Напротив, значение романа о вырождении – этой первоначальной формы, которую концепция вырождения принимает в художественной словесности (гл. II–IV), – для русской литературы 1900–1910‐х годов остается почти не изученным. Между тем эта романная разновидность переживает новый расцвет в традиции постреализма, в которую выливается роман о вырождении 1880–1890‐х годов[1396]. Соответствующую литературную линию продолжает не столько символистский роман Федора Сологуба «Мелкий бес» (1901), в котором, при всем художественном совершенстве изображения прогрессирующего психического распада, отсутствует повествовательная схема вырождения, сколько незавершенный цикл романов А. В. Амфитеатрова «Концы и начала» (1903–1910), где последовательно осуществляется золаистский литературный проект естественной и социальной истории конкретной эпохи[1397]

. Как и у Золя, психическое, физическое и моральное вырождение одной семьи – угасающего знатного рода Арсеньевых – составляет макроструктурную символическую линию, объединяющую несколько романов цикла, в которых Амфитеатров с энциклопедической полнотой изображает жизнь русского общества 1880–1900‐х годов. Романное действие, проникнутое натуралистической концепцией социально-биологического детерминизма и нередко прерываемое пространными публицистическими пассажами, разворачивается в самых разных местах: от гостиных высшего общества до столичных бедняцких кварталов; от театров, ресторанов и универмагов до провинциальных фабрик и исправительных колоний. Среди действующих лиц встречаются такие исторические личности того времени, как С. Ю. Витте, Н. К. Михайловский, Г. В. Плеханов, А. П. Чехов и Ф. И. Шаляпин.

Новый расцвет романа о вырождении связан прежде всего с многочисленными семейными хрониками 1910‐х годов, значительная часть которых сегодня оказалась забыта[1398]. Так, И. А. Новиков в своей хронике «Между двух зорь (Дом Орембовских)» (1917) опирается на изображение гибели поместного дворянства у Салтыкова-Щедрина, также составляющее лейтмотив кристально ясной прозы И. А. Бунина того же времени, особенно повести «Суходол» (1912)[1399]

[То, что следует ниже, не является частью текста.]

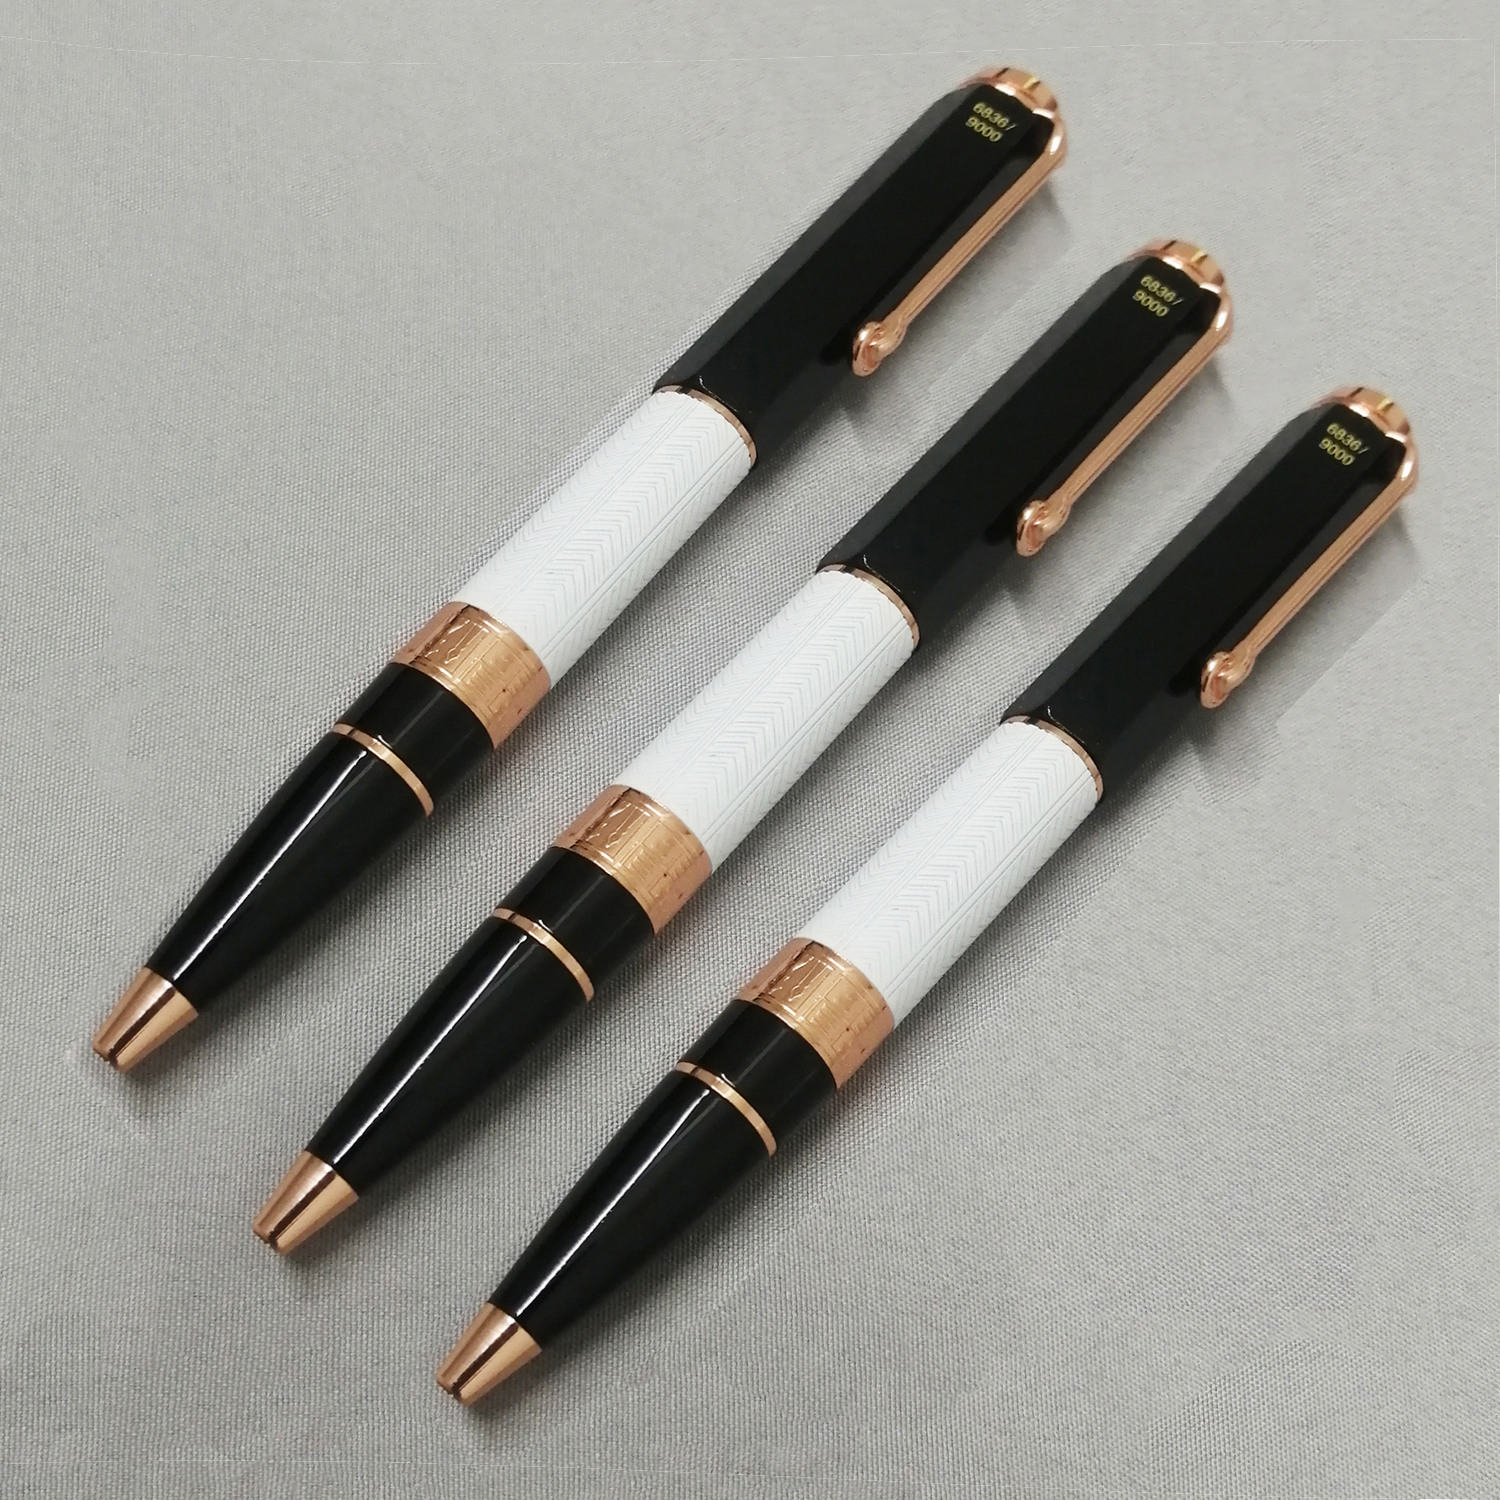 YAMALANG Luxury Signature Ball Point Pen Wholesale Price Black Smooth Metal Penholder Business School Writing Supplies от DHgate WW

. Роман И. С. Рукавишникова «Прóклятый род» (1911–1912), в котором экономическому упадку сопутствует биологический, наследует социальному роману Мамина-Сибиряка. Рукавишников изображает психофизическую и социальную деградацию одной поволжской купеческой династии при помощи классического золаистского нарратива о вырождении, позволяющего описать социально-биологически обусловленный дегенеративный процесс, охватывающий три поколения: от «железного старика» – семейного патриарха, нажившего состояние, – до его психически больных, ведущих декадентский образ жизни внуков. Тяготеющее над семьей «проклятие» не в последнюю очередь проявляется в том фаталистическом детерминизме, который пронизывает судьбу всех трех обреченных поколений и символом которого выступает «проклятый» унаследованный капитал. Обращаясь к натуралистической связке наследия, наследства и наследственности (гл. III.3), Рукавишников изображает отчаянные, заведомо провальные попытки младших поколений избавиться от биологического и экономического наследия, оставленного главой семьи.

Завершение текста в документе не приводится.